To estimate risk of a disease, the earliest method that scientist used were epidemiological data analysis. For example, in the 1950’s they found that smokers got an increased incidence of lung cancer. It took the society nearly 3 decades before it was generally accepted and warnings started being issued but that is another story. Currently, the method data analysis is to use biomarkers for the disease. So, for example if you go to the doctor to measure heart risk, they would measure the C-reactive protein and brain natriuretic peptide. Based on these values and comparing the statistical correlation with the data, you will be able to compute the score for risk.
These direct measures are easy to compute if you have the data available. Where it gets interesting is to modify these parameters in interesting ways to compute the heart attack risk.

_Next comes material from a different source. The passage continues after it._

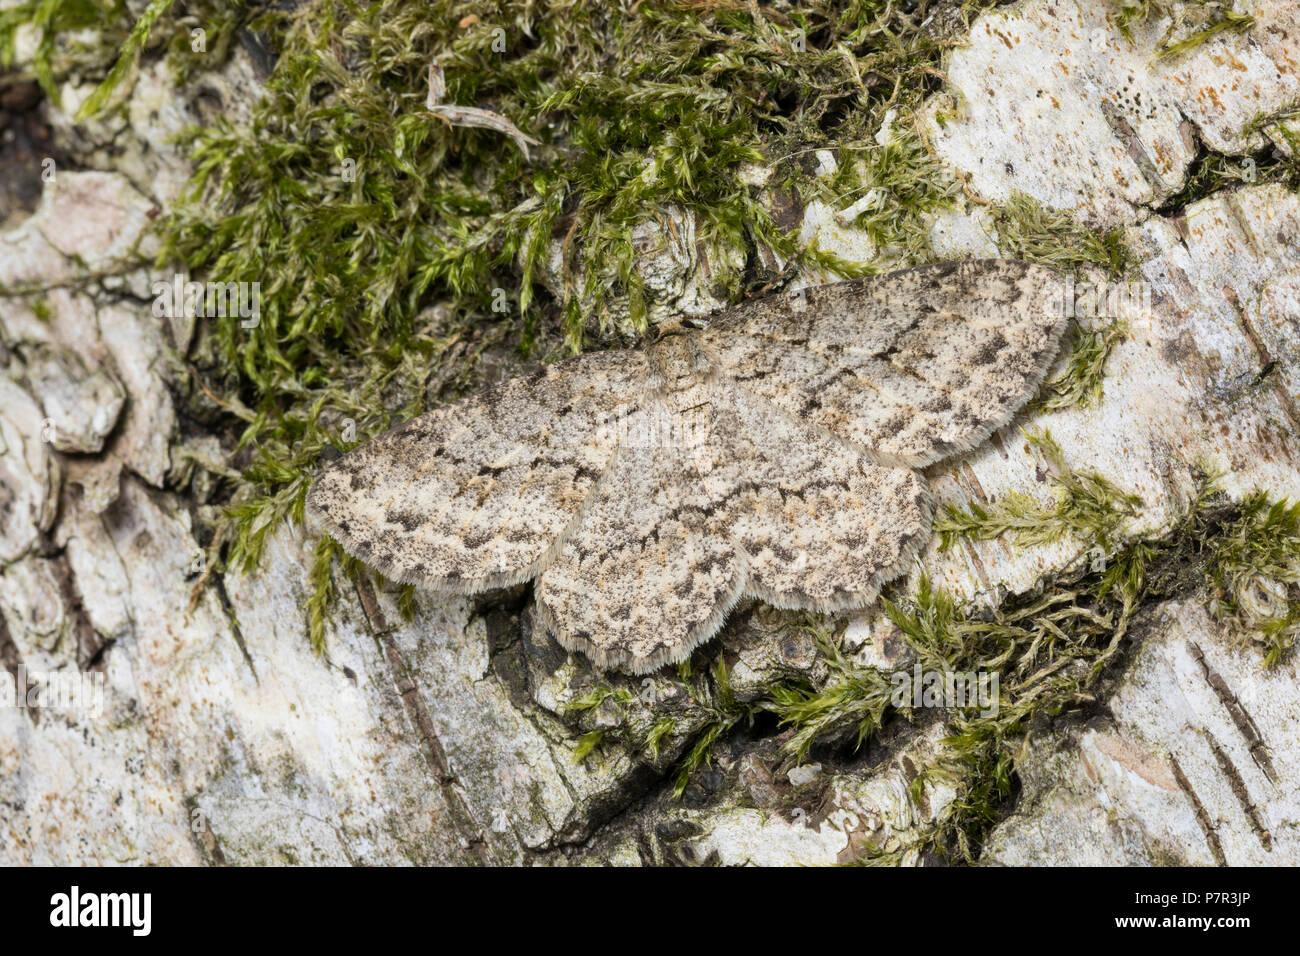 Zackenbindiger Rindenspanner, Pflaumenspanner, Ectropis crepuscularia, Ectropis bistortata, Boarmia bistortata, Engrailed, Small Engrailed, Small Engr - Stock Image

So for example, you could combine the two parameters with the cholesterol numbers and call it “Serum risk”. The combination could be an equation or a direct correlation but now you have one number to compute risk.
A group of authors, Zeeshan Syed, Collin M. Stultz, Benjamin M. Scirica, and John V. Guttag have done just that in Sci Transl Med , 28 September 2011:Vol. 3, Issue 102. They looked at the Electrocardiogram data of many patients and rather than using the traditional method of correlating risk with one measured factor, depressed left ventricular ejection fraction, they combined factors to create three new “biomarkers”, morphologic variability, symbolic mismatch, and heart rate motif. These were computationally derived and there was no previous knowledge or derivation of how combination of factors could be useful.
This takes our predictability to a whole new level and can now probably catalyze more biological science in understanding what are the factors involved in risk. Also, since these are computationally derived, there is very little inherent bias. But wonder, if this can be used as an argument now about how computers are more intelligent than humans?